Sir Alec Guinness
Guinness, Sir Alec (gĭnˈəs) [key], 1914–2000, English actor, b. London. After his stage debut in 1934, Guinness performed with John Gielgud's company and at the Old Vic. An actor of enormous versatility and range on stage and in film, he was especially noted for his minimalist approach and his finely tuned interpretations of character. One of his earliest and most acclaimed stage performances was his modern-dress Hamlet (1938). Guinness's gifts for mimicry and characterization delighted audiences in such film comedies as Kind Hearts and Coronets (1949), in which he performed 10 roles; The Lavender Hill Mob (1951); The Ladykillers (1955); and The Horse's Mouth (1958).

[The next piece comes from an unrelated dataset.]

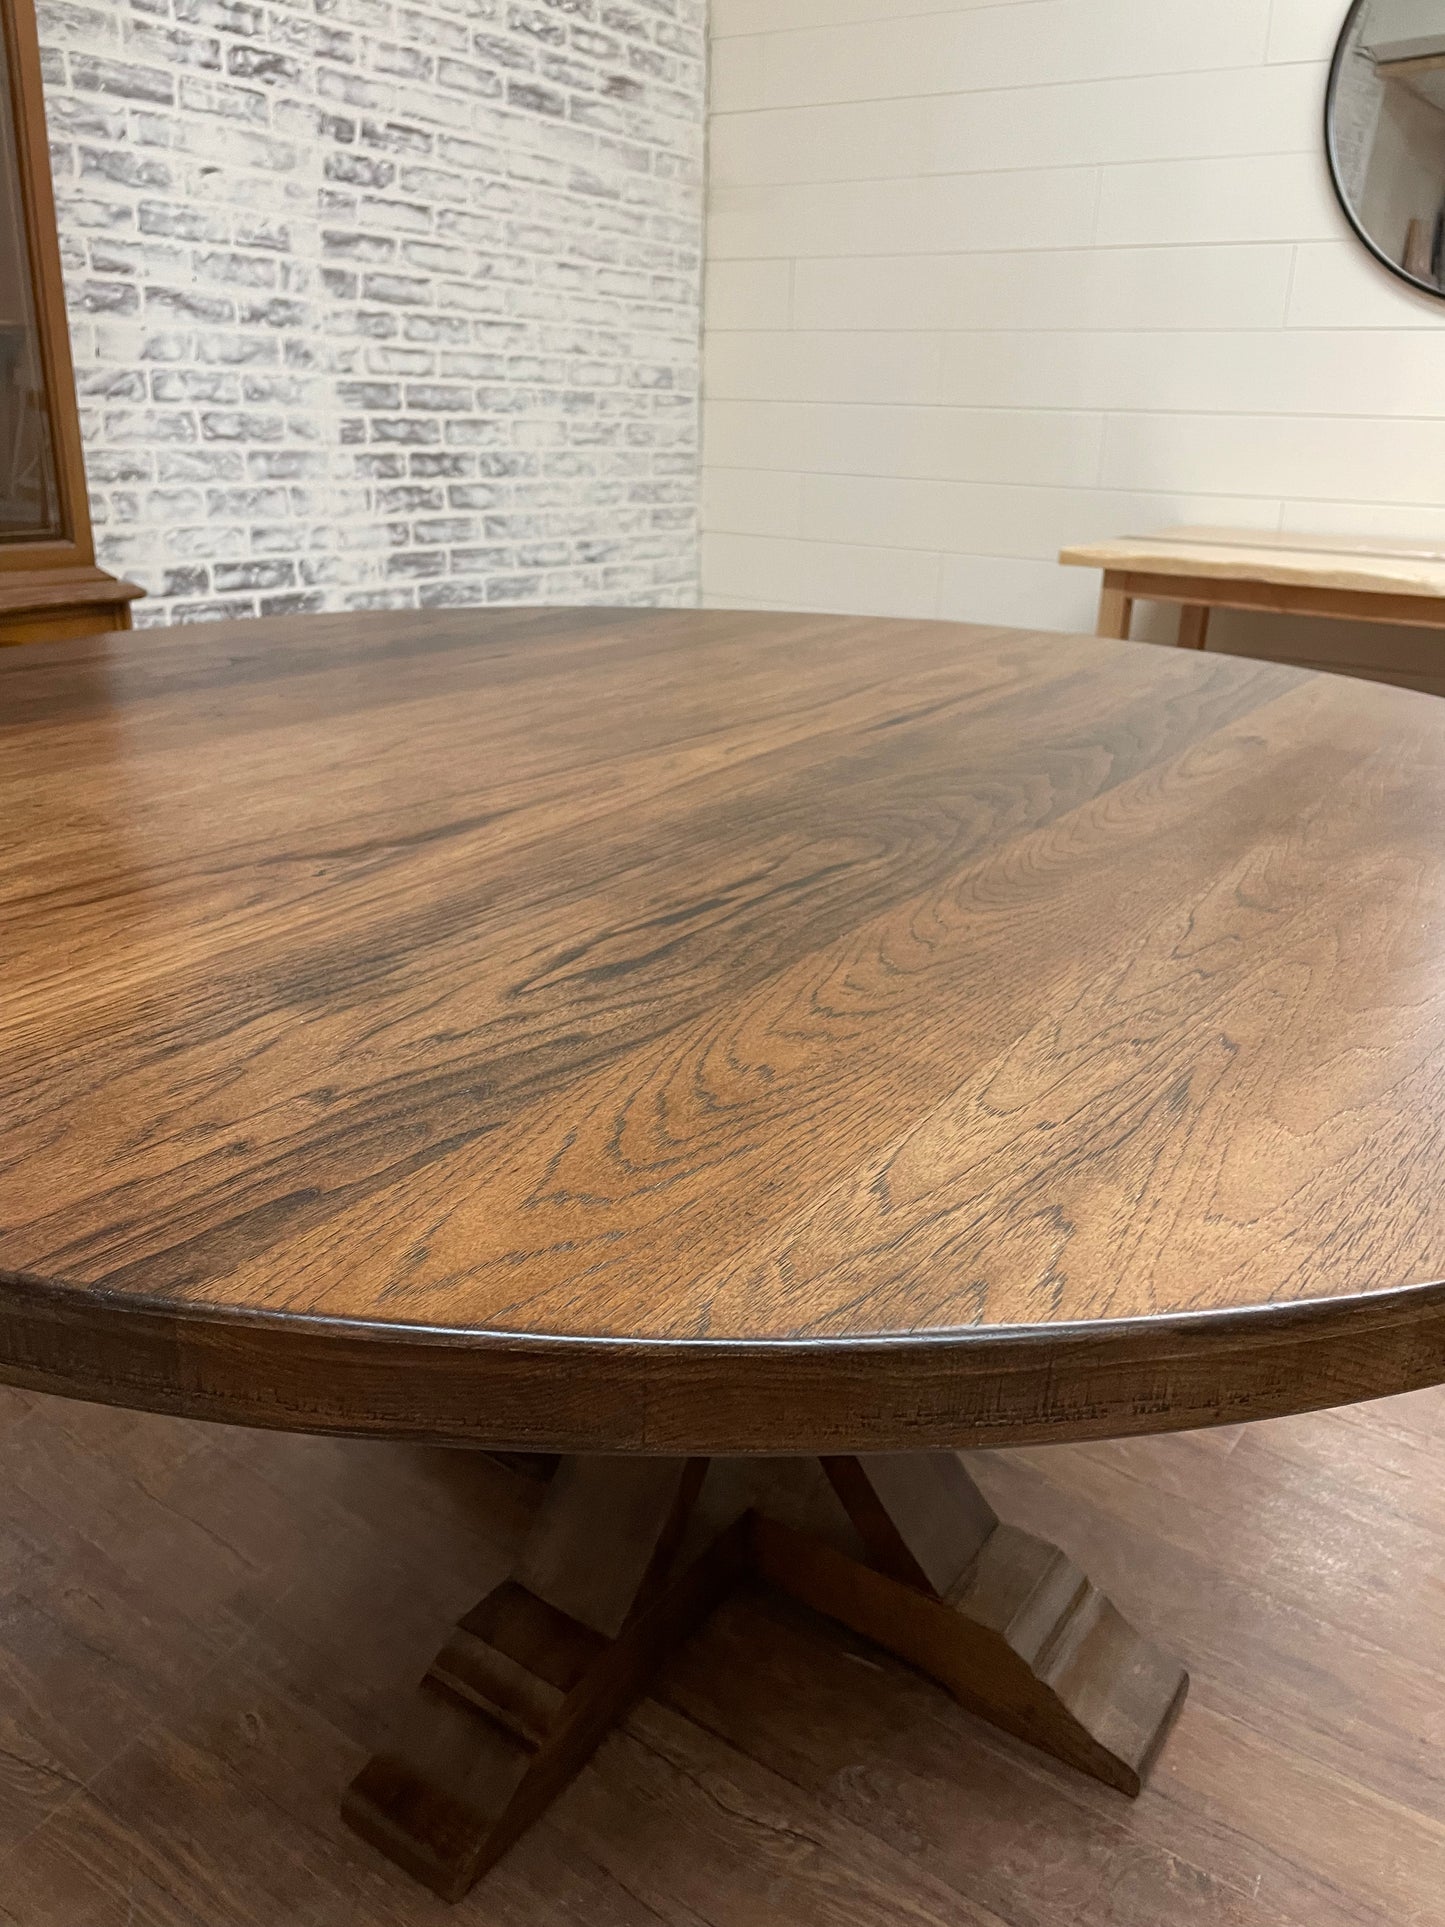 Pictured is a 60" W Hickory table with Espresso stain.

Among the many dramatic films in which he appeared are The Prisoner (1955); The Bridge on the River Kwai (1957), for which he won an Academy Award; Tunes of Glory (1960); and Star Wars (1977). On television he won acclaim for his portrayal of George Smiley, John le Carré's counterintelligence agent, in Tinker, Tailor, Soldier, Spy (1979) and Smiley's People (1982).
See his autobiography (1985), and memoirs (1997 and 1999); biography by P. P. Read (2005); studies by K. Tynan (1953), J. R. Taylor (1984), and R. Tanitch (1989).